This tree has been around a little while in the Snyder Park Gardens and Arboretum. In fact, it's one of my favorite trees. It's such a popular tree in this garden that we even decided to move the location of a sidewalk while developing our master landscape design in order to preserve this tree. However, now that it has revealed its identity, I am not sure what we will do.

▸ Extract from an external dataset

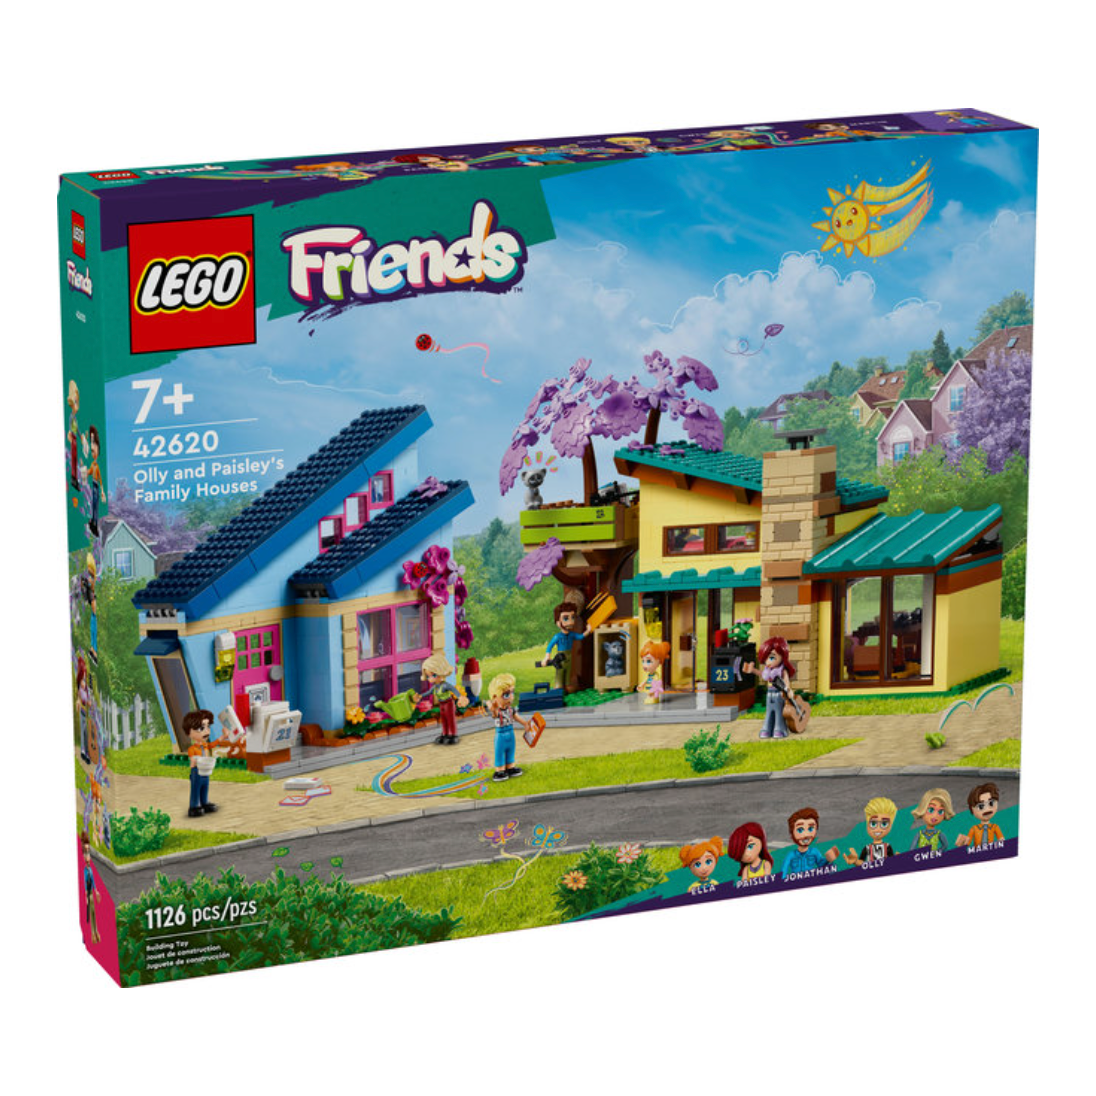 Lego Friends Olly and Paisley's Family Houses

Yes, this particular tree is a ginkgo (Ginkgo biloba) and it's a girl. We had no idea. For at least the last three years while we have been hanging out at this site, creating a landscape design for the future Snyder Park Gardens and Arboretum, we assumed it was a male because there were no fruits. Never did I stop and think for a minute that it might be an immature tree that was not quite ready to fruit! UGH. I verified in Michael Dirr's "Manual of Woody Landscape Plants" that "it may take 20 years or more before a seedling Ginkgo flowers." Oh well, we can either leave the tree and laugh in the fall when the fruits smell up the place and talk about this learning opportunity or we can take the only gingko tree in the gardens down and start over! What say you????? Get close enough to your screen and you may smell the fruits in the photo above!
I do love ginkgo trees and their incredible burst of yellow fall color and the shape of their leaves and the fact that they are relatively pest-free. However, we all know that you want to plant male gingkos and who knew at the time this one was planted that it was a female!